Scaling Limits of Bivariate Nearly-Unstable Hawkes Processes and Applications to Rough Volatility
Sohaib El Karmi

TL;DR
This paper establishes a limit theorem for nearly unstable bivariate Hawkes processes with heterogeneous roughness, revealing a coupled stochastic Volterra system with distinct fractional diffusions.
Contribution
It introduces the first multivariate nearly unstable Hawkes process model with different roughness exponents and characterizes its limit as a coupled stochastic Volterra system.
Findings
The limit process consists of a rough fractional diffusion and a coupled component driven by its own and the first component's noise.

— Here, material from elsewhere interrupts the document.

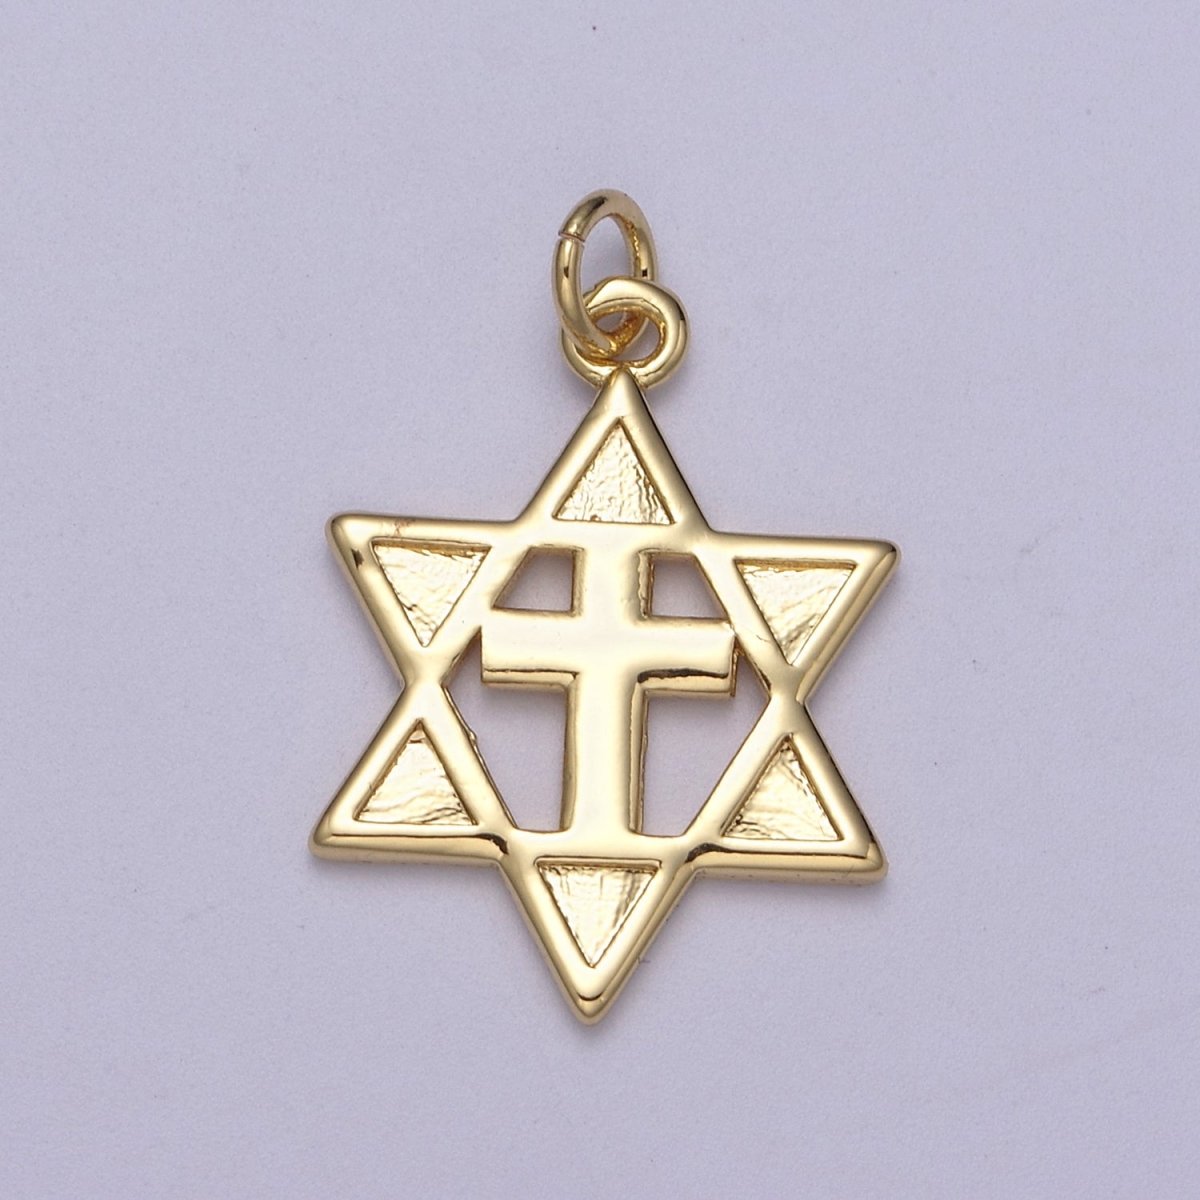 Gold Star of David Cross Pendant, Solid Magen David Jewish Star Jewelry N-339 - DLUXCA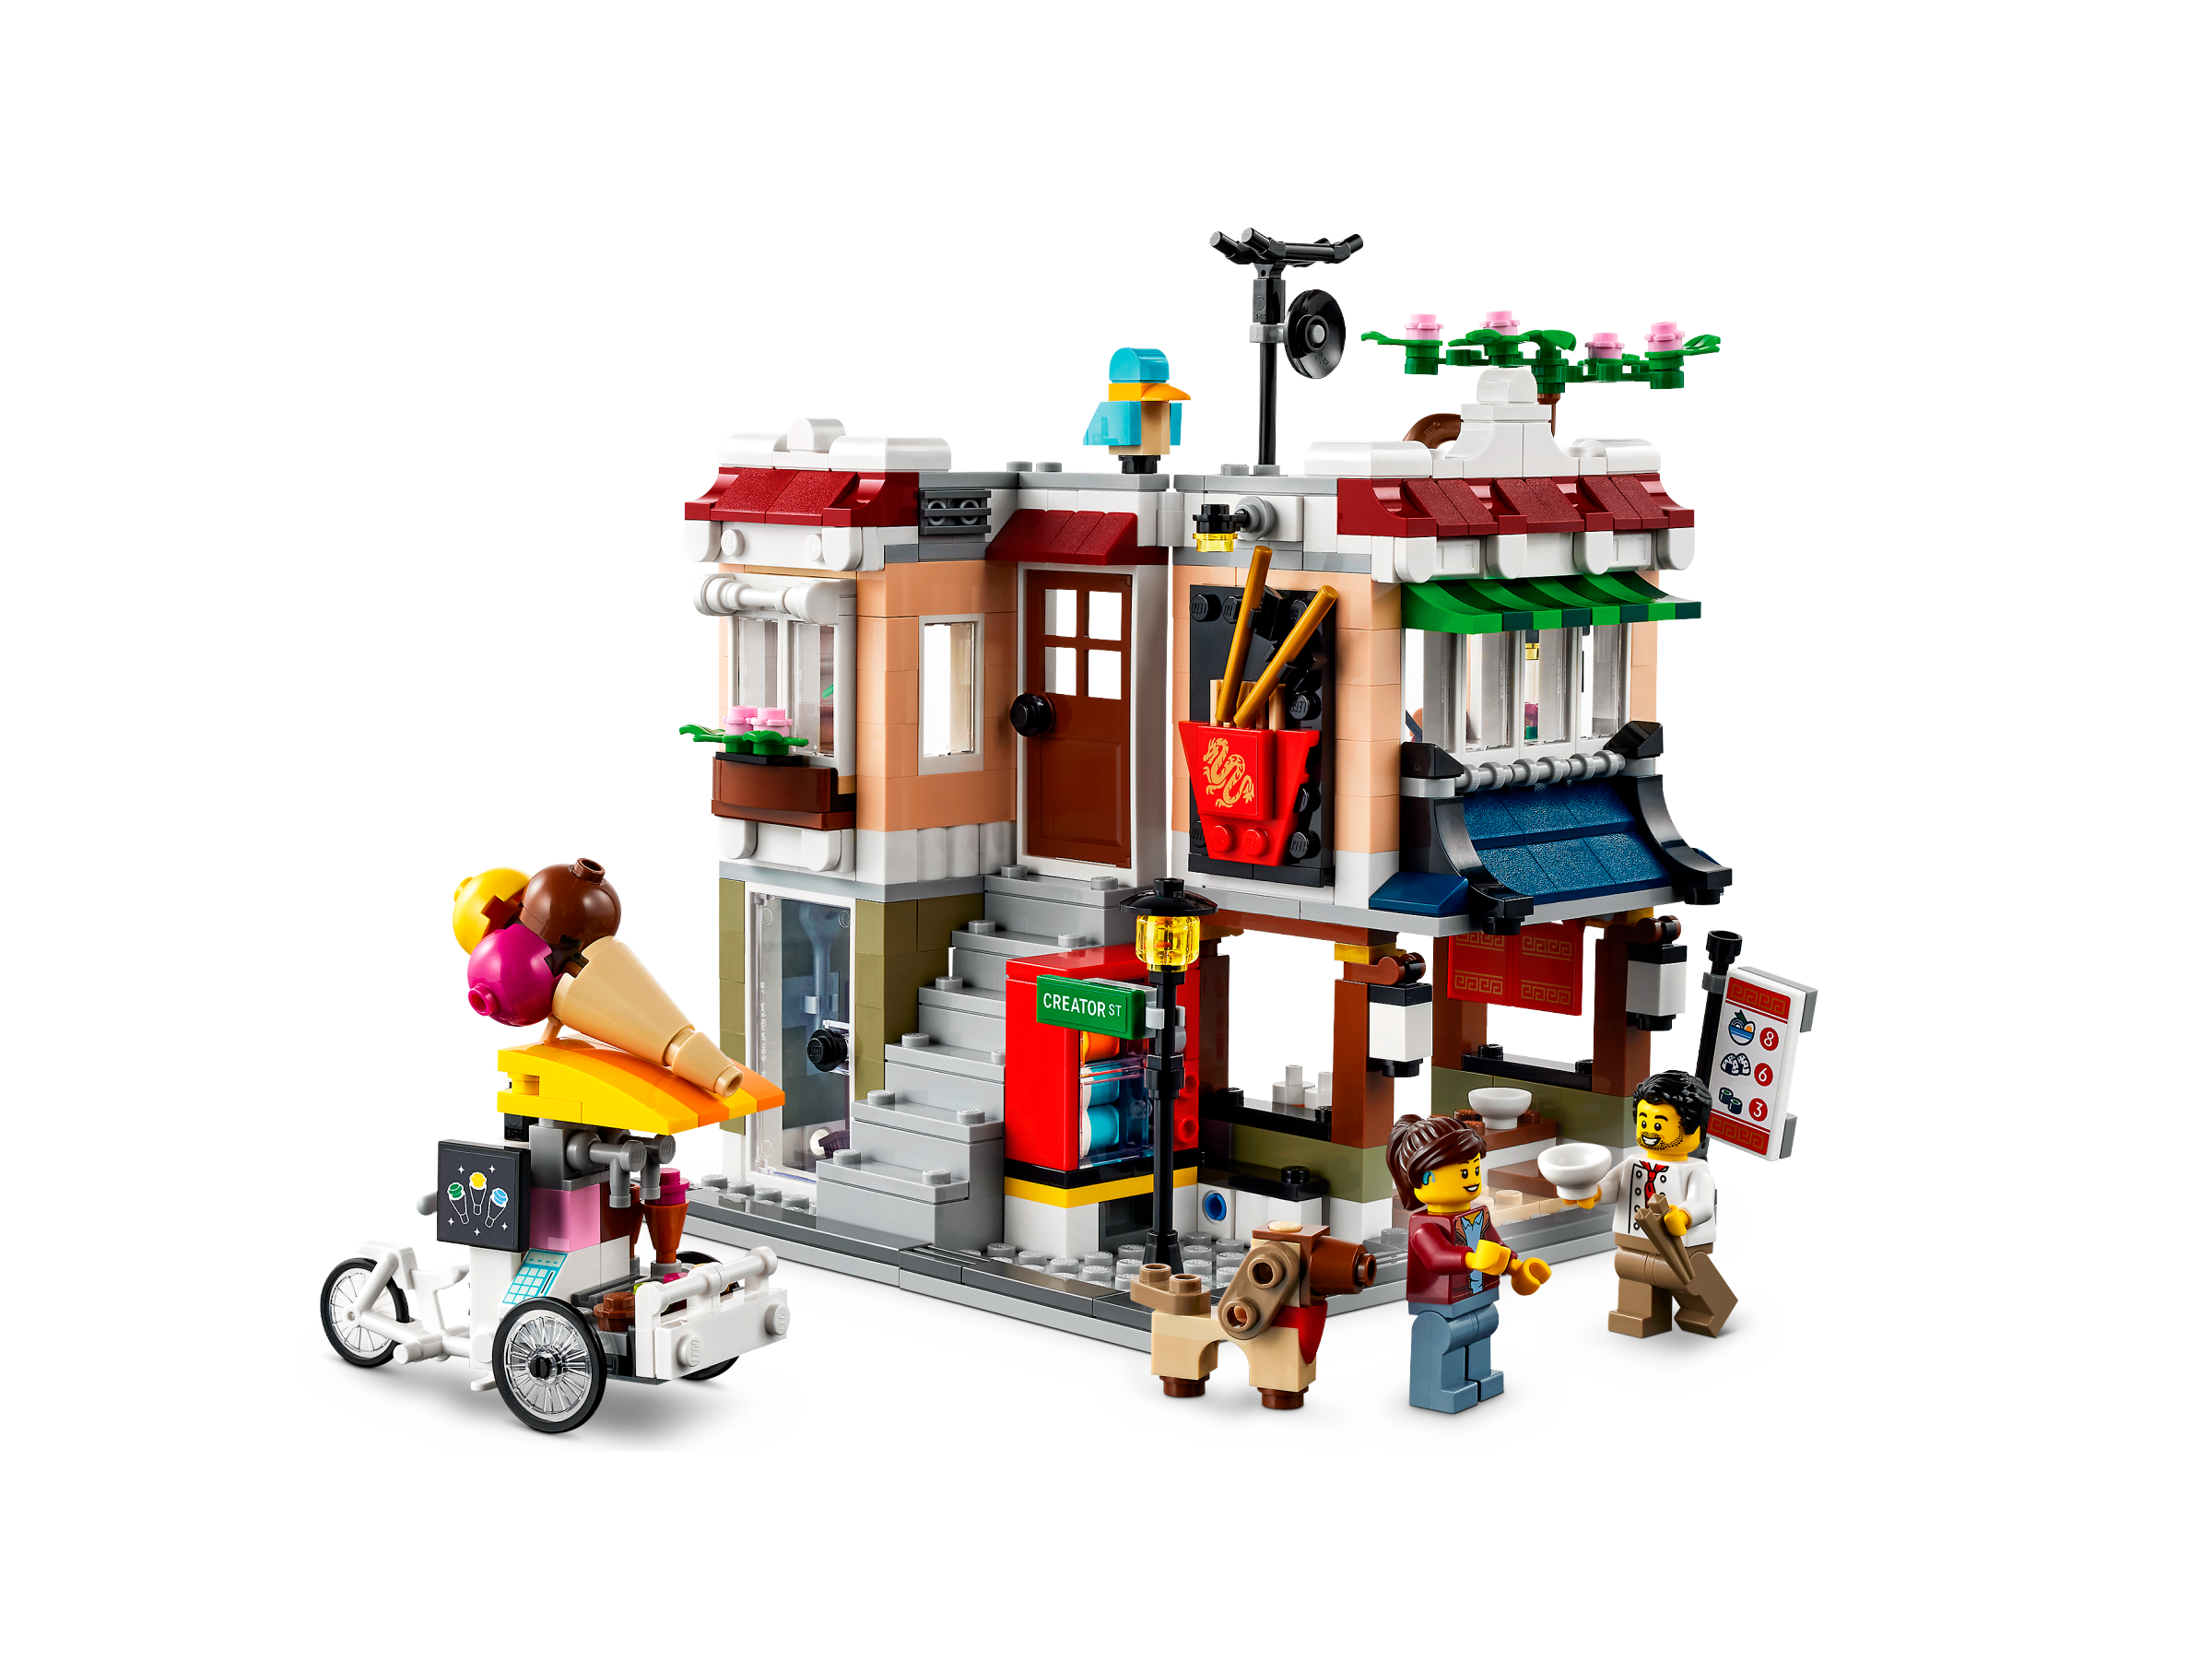 Poging naast Gebruikelijk Noedelwinkel in de stad 31131 | Creator 3-in-1 | Officiële LEGO® winkel NL

The correlation between components vanishes at a polynomial rate depending on the roughness.
Without scale-matching, the limit involves a time-rescaled convolution kernel instead of the original cross-kernel.
Abstract
We prove a functional limit theorem for a pair of nearly unstable Hawkes processes coupled through a triangular cross-excitation mechanism, when the two kernels have distinct heavy-tail exponents. This heterogeneous regime produces two different degrees of roughness and, to the best of our knowledge, had not previously been treated in the multivariate nearly unstable setting. As the system approaches criticality, the renormalized intensity processes converge weakly to the unique solution of a coupled stochastic Volterra system driven by two independent Brownian motions. The first component evolves autonomously as a rough fractional diffusion, while the second is driven both by its own noise and by the first component through a convolution cross-kernel. This kernel, expressed as the convolution of the two associated Mittag-Leffler kernels, encodes both roughness exponents and…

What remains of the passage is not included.